Sudan army retakes Kurmuk, closing RSF's Ethiopia lifeline
Sudan's army recaptured the border town of Kurmuk on July 8, 2026, cutting the RSF's Blue Nile front and its cross-border supply line from Ethiopia.
The Sudanese Armed Forces retook Kurmuk on July 8, 2026, ending 106 days of Rapid Support Forces control over the Ethiopian-border town — and with it, the paramilitary's most promising route to reopen the war on Khartoum's flank. The recapture matters less for the ground it restores than for what it denies the RSF: a garrison within artillery range of the Roseires Dam, a resupply channel from Ethiopia, and the political prize its alliance with the SPLM-N was built to secure. Kurmuk was the RSF's Ethiopian gateway, and the SAF has just slammed it shut — for now.

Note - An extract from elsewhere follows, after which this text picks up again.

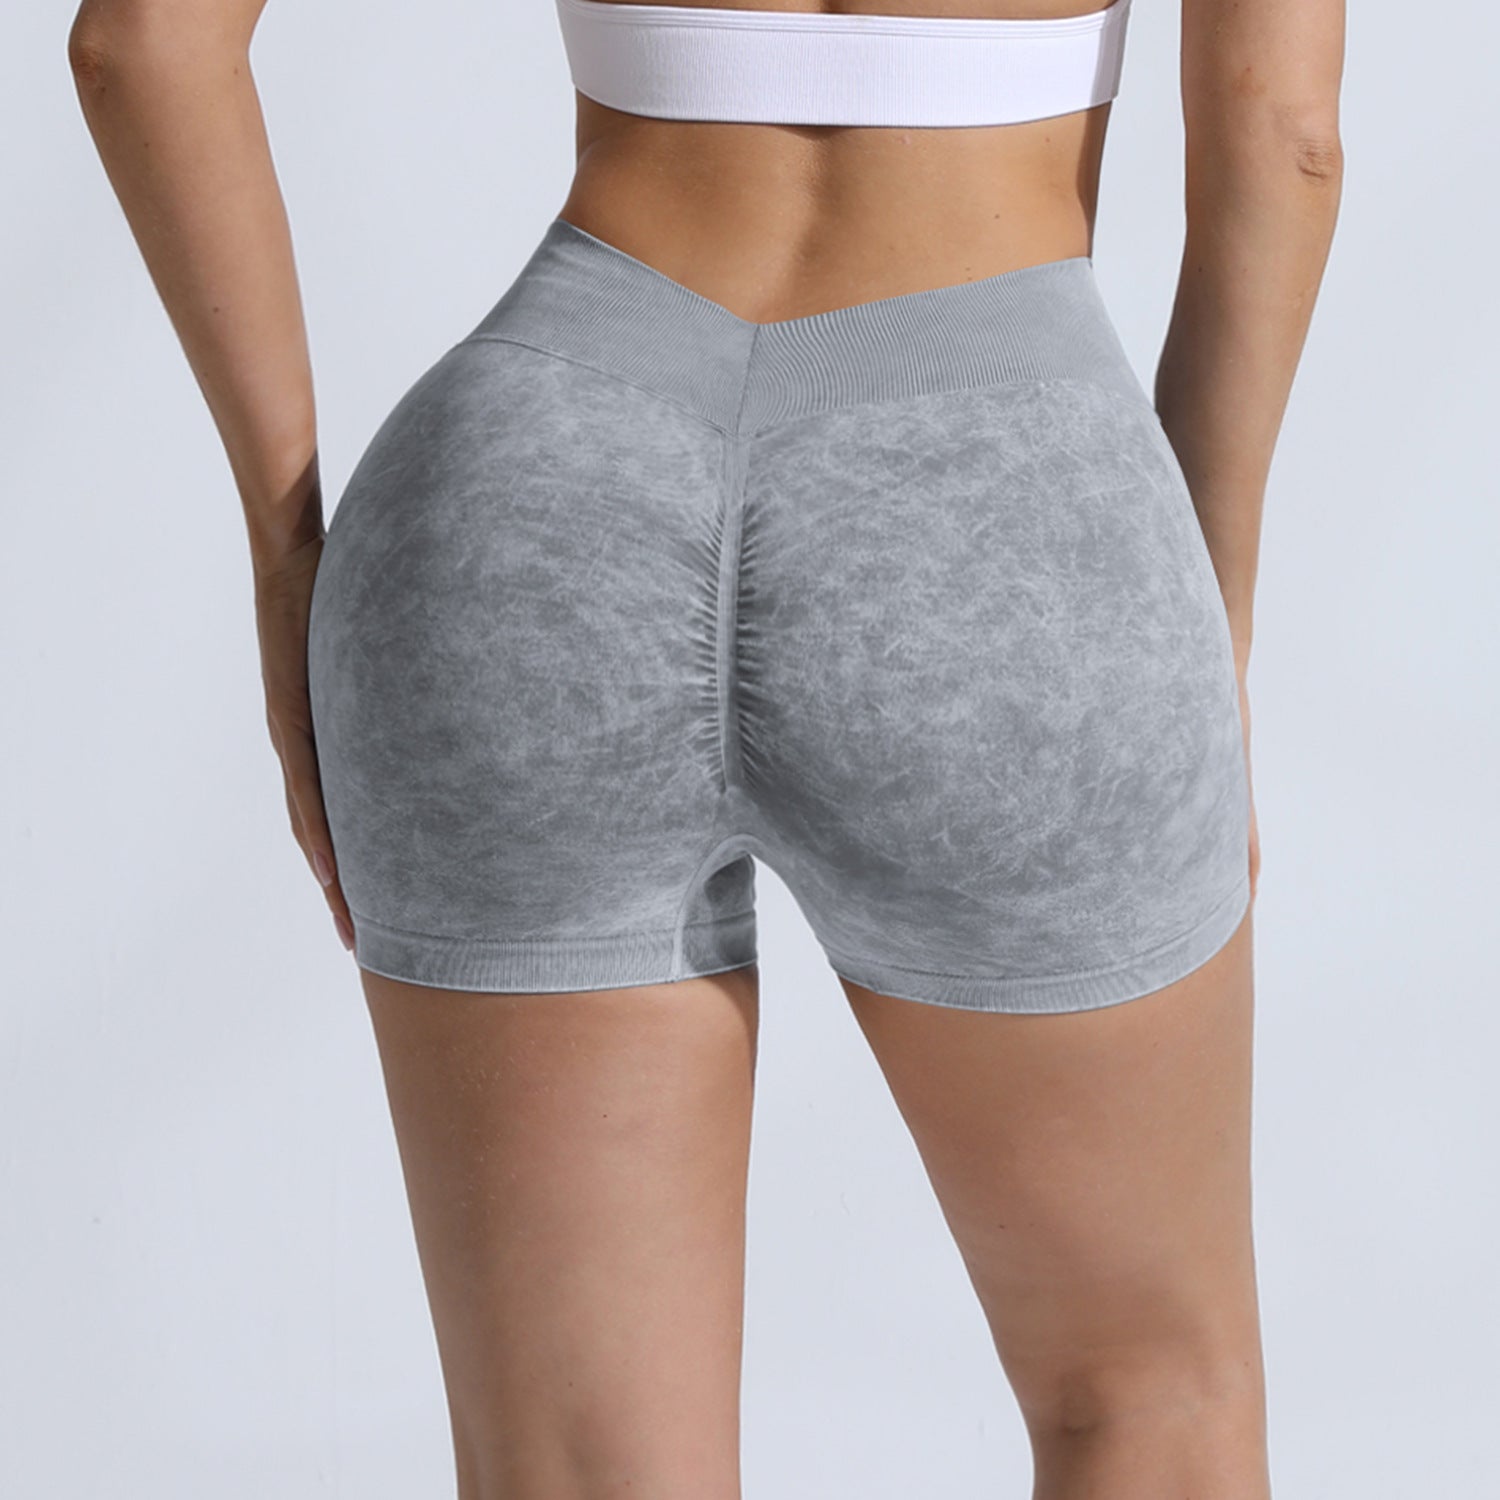 High Waisted Peach Lifting Buttocks Running and Fitness Women's Shorts Sand Washed Yoga Shorts
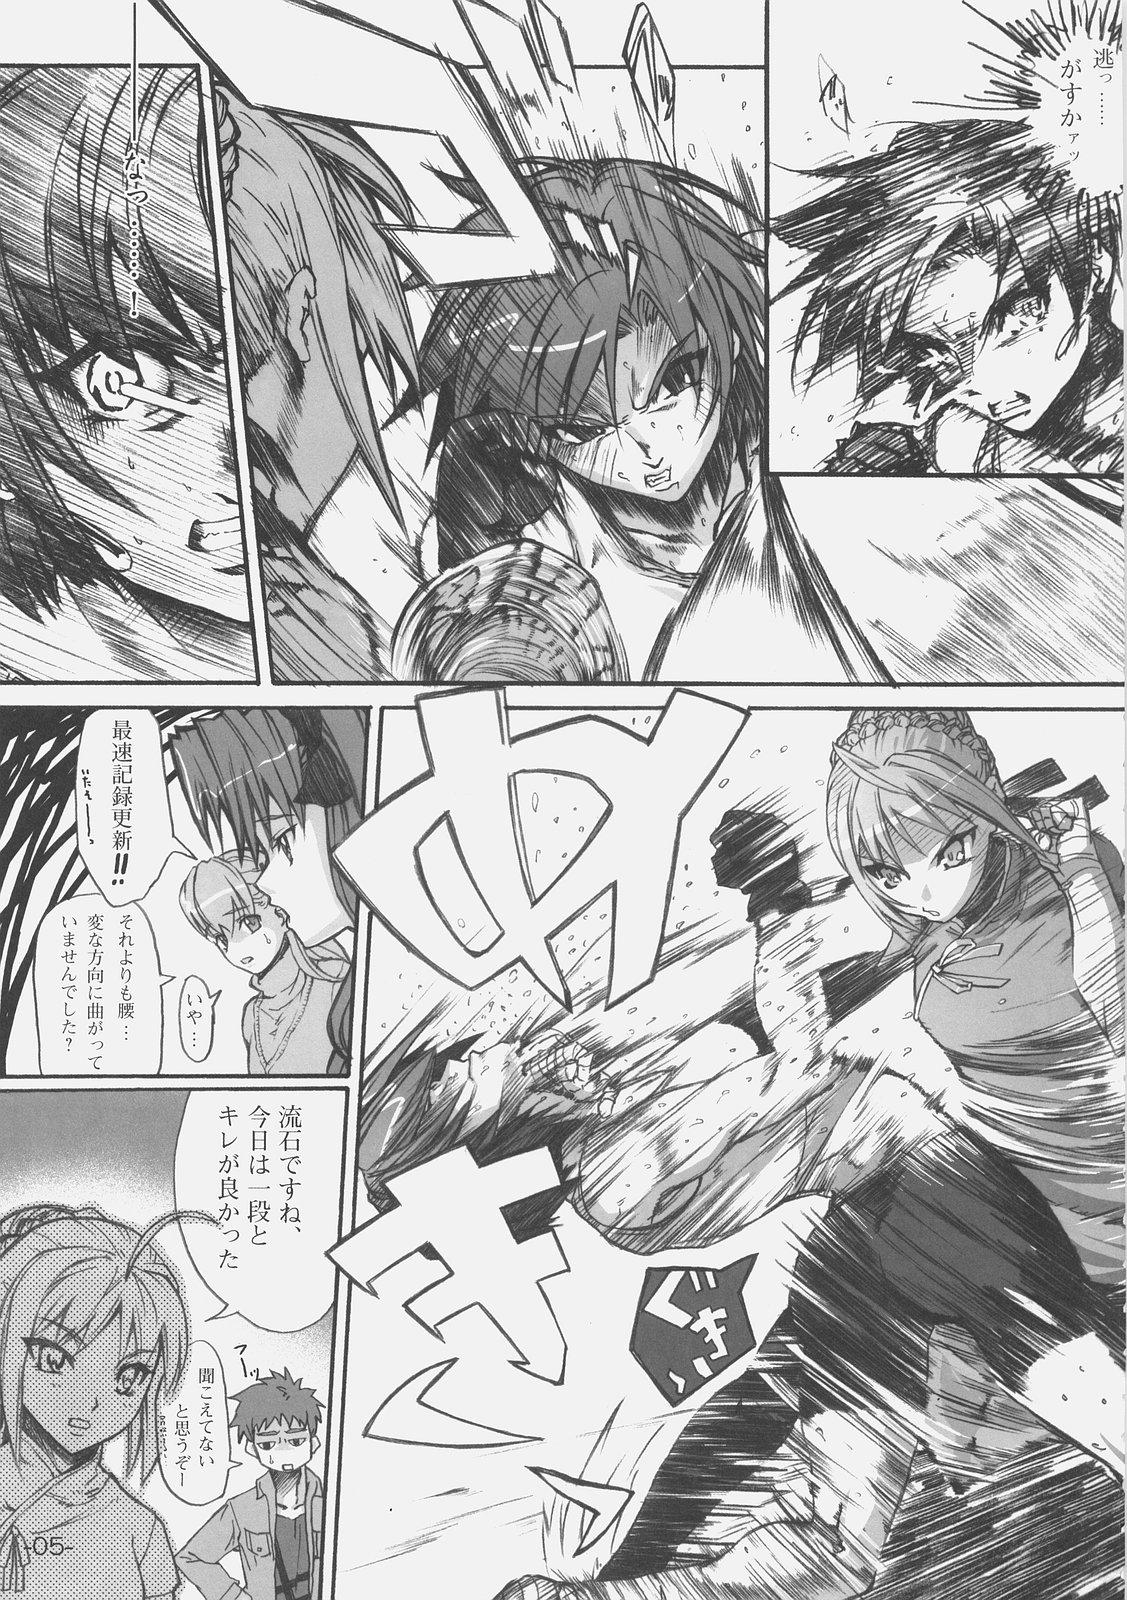 Fuck FIRSTBLOOD - Fate stay night Fate hollow ataraxia Free Hardcore Porn - Page 7

According to a statement carried by Xinhua, the SAF said its forces "with allied support" inflicted casualties and captured weapons and vehicles, and would now focus on "protecting civilians and restoring basic services." Security sources told
Sudans Post that army units advanced south from Sali along the Damazin–Kurmuk road, entering the town after RSF fighters withdrew. Thousands celebrated in Damazin, Blue Nile's capital, as officials toured streets in convoys,
Middle East Monitor reported.
Why Kurmuk was worth the war
Kurmuk is a small town with outsized geometry. It sits on the Ethiopian border in Blue Nile — a thin strip of Sudanese territory wedged between Ethiopia and South Sudan — astride the road network that connects the Nile valley to the Ethiopian highlands. When the RSF and the al-Hilu faction of the Sudan People's Liberation Movement–North (SPLM-N) captured it on March 24, Al Jazeera called the town a "garrison" the RSF used as a "launchpad to seize more territory," giving the paramilitaries their first foothold on the country's south-eastern frontier.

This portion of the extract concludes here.